Design and construction
- Architects: Sutomo Kusnadi; Sigit Margono;

= Sura and Baya Statue =

Statue in Surabaya

Sura and Baya Statue (Patung Sura dan Baya; ꦥꦠꦸꦁꦱꦸꦫꦭꦤ꧀ꦧꦪ) are one of the most famous icons of the city of Surabaya in East Java, Indonesia. The statue consists of two types of animals, shark and crocodile. The statue is found in three places across the city.

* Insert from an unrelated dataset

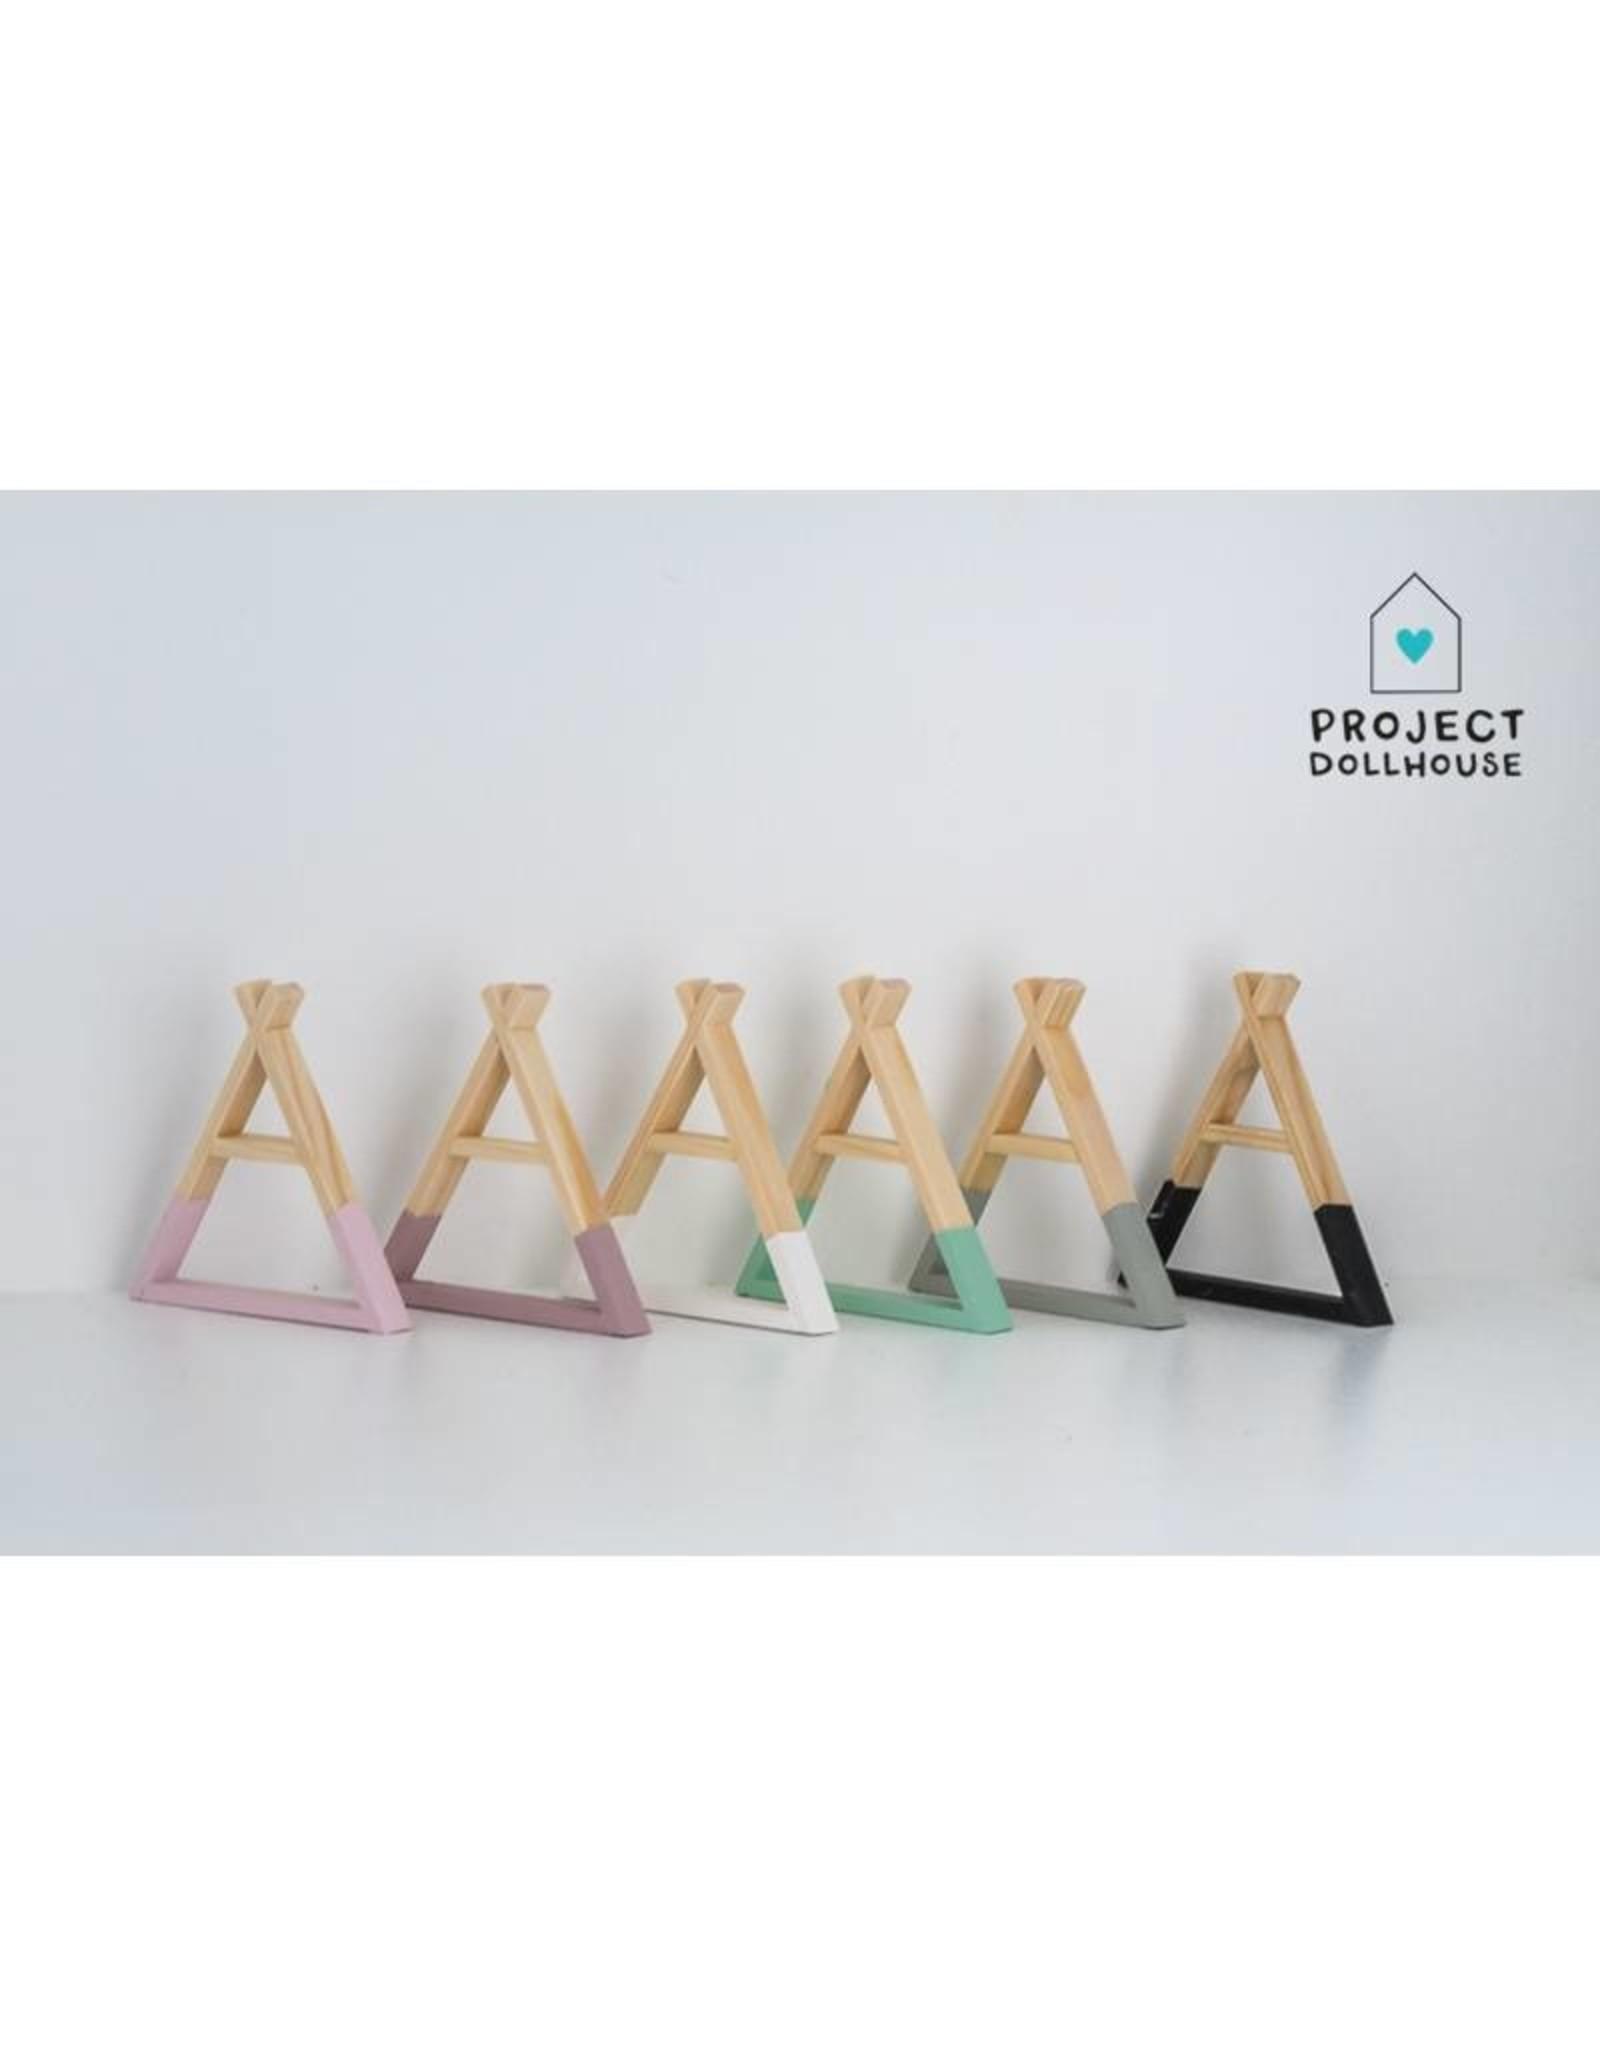 Project Dollhouse Tipi Wall Rack

== Meaning of Philosophy ==
=== According to Legend ===

Sura and Baya image as a coat of arms of Surabaya.

The Sura and Crocodile statues contain folklore or legends about the Sura fish and crocodiles. According to legend, a long time ago there was a big fight between sura fish and crocodiles somewhere. The first fight was because there were sura fish that left the area towards the river. Knowing this, the crocodile who was the ruler of the land felt unwelcome and asked the sura fish to return to the sea. From there, a big fight took place to successfully return the sura fish to the sea. Therefore, it is not surprising that the shape of the statue shows two animals fighting. However, the place where the battle took place was named "Surabaya".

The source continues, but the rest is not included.